Dass das tatsächlich so ist, zeigt sich derzeit wieder, wo die Bevölkerung mit täglichen Schreckensnachrichten über eine nazistische Terrorzelle in Atem gehalten wird, wobei die Dinge mehr als nur mysteriös sind: Da werden in Eisenach in einem Wohnmobil zwei Männer tot aufgefunden, die schließlich und endlich als Mitglieder dieser Zelle identifiziert werden. Wie sie zu Tode gekommen sind, weiß niemand. War es Fremdeinwirkung, ein Unfall oder sind sich die beiden gegenseitig an die Gurgel gegangen? Dann wird als Dritte im Bunde eine Frau verhaftet und zu allem Überfluss musste in Zwickau auch noch ein Haus in die Luft gejagt werden, in dem das Trio über Jahre ungehindert sein Unwesen treiben konnte. Wie sich weiter herausstellt, waren die Nazis zudem noch im so gern als „Hochburg der DDR-Opposition“ glorifizierten Jena aktiv gewesen. Besteht da ein Zusammenhang? Tatsache ist zumindest, dass jene selbsternannte „Bürgerbewegung“ ein sehr heterogenes Sammelbecken war, das allenfalls eine gemeinsame Grundlage hatte – einen sehr militanten, aggressiven und hysterischen Antikommunismus. Unter diesem Dach hatten sich damals auch bislang im Geheimen ihre nazistische Gesinnung gepflegt Habende eingefunden, verstärkt durch nach der Grenzöffnung aus der BRD und Berlin (West) hereinflutende NPD-Leute, die sehr schnell Morgenluft gewittert hatten. Wenigstens 10 Morde an Mitbürgern ausländischer Herkunft gehen auf das Verbrechenskonto allein dieser Terrorzelle, von der mittlerweile weitere Mitglieder präsentiert wurden. Immer mehr sickert durch, dass der jetzt so eifrig zuschlagende Verfassungsschutz über Jahre hinweg zumindest Kenntnis von dieser Gruppe hatte. Verantwortlich für dessen Untätigkeit, richtiger gesagt aktive Führung, ist natürlich niemand. Auf alle Fälle ist damit zu rechnen, dass alle in diese Richtung gehenden Untersuchungen irgendwann im Sande verlaufen werden. Warum? Die Antwort wurde schon gegeben.

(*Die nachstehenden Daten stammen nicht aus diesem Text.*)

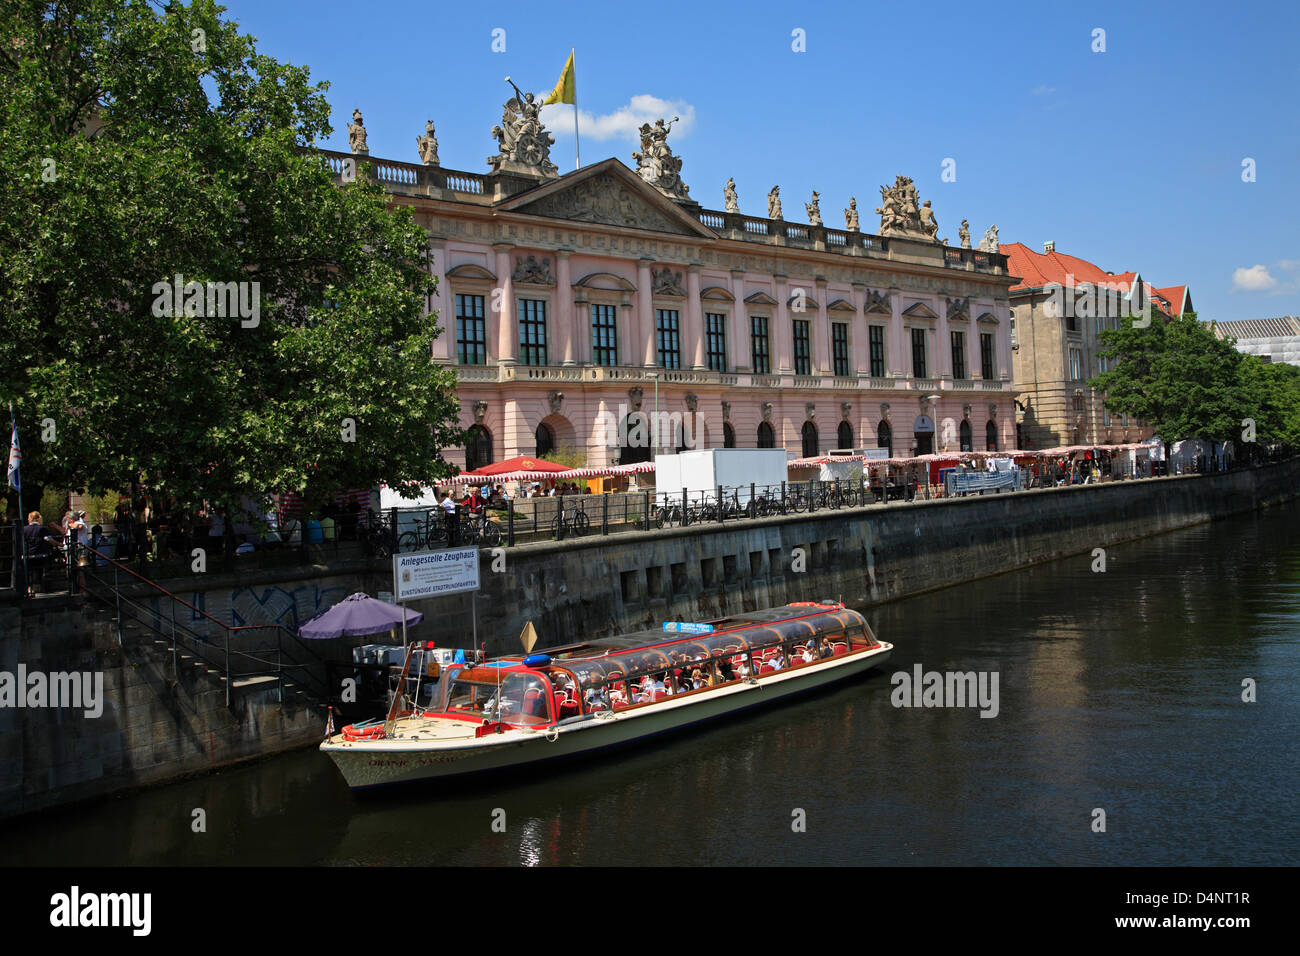 Germany, Berlin, Altes Zeughaus at river Spree, Schiffsanleger Stock Photo

Ansonsten würden sich die systemtragenden Parteien nicht seit Jahr und Tag mit einer Energie und Zähigkeit, die einer besseren Sache wert wären, gegen eine grundgesetzliche Verankerung des Antifaschismus sträuben. Eifervoll wurde dagegen jener Artikel 131 in das Grundgesetz eingefügt, der durch ihre Tätigkeit im „Dritten Reich“ schwerbelasteten Personen die reibungslose Übernahme in den Staatsdienst der BRD ermöglichte und ihnen außerdem auskömmliche Renten und Pensionen sicherte. Es gab auch nie Probleme, Wehrmacht und Legion „Condor“ in das Traditionsverständnis der Bundeswehr einzubeziehen, Einheiten und Kasernen ungeachtet begangener Kriegsverbrechen nach Militärs des „Dritten Reiches“ zu benennen. Außerdem darf faschistische Ideologie ungehindert verbreitet werden – man schaue sich nur die vielen Internet-Seiten an, auf denen Ritterkreuzträger von Wehrmacht und Waffen-SS glorifiziert werden. Krieg und Zerstörung werden als „militärische Leistungen“ der daran beteiligten Einheiten gepriesen. Nicht vergessen werden darf außerdem, dass es für die offizielle BRD – mit Ausnahme der mutigen Worte des damaligen Bundespräsidenten Richard von Weizsäcker 1985 – keine Befreiung vom Faschismus, sondern allenfalls einen zu betrauernden „Tag der Kapitulation“ gibt. In der DDR im Geiste des Antifaschismus erzogene und heute das kapitalistische System stützende Politikerinnen und Politiker haben sich dem sehr schnell angepasst – Karriere geht eben über alles. Da muss sich der Protest gegen Nazis zwangsläufig im Kreise drehen und am Ende zum wirkungslosen Ritual verkommen.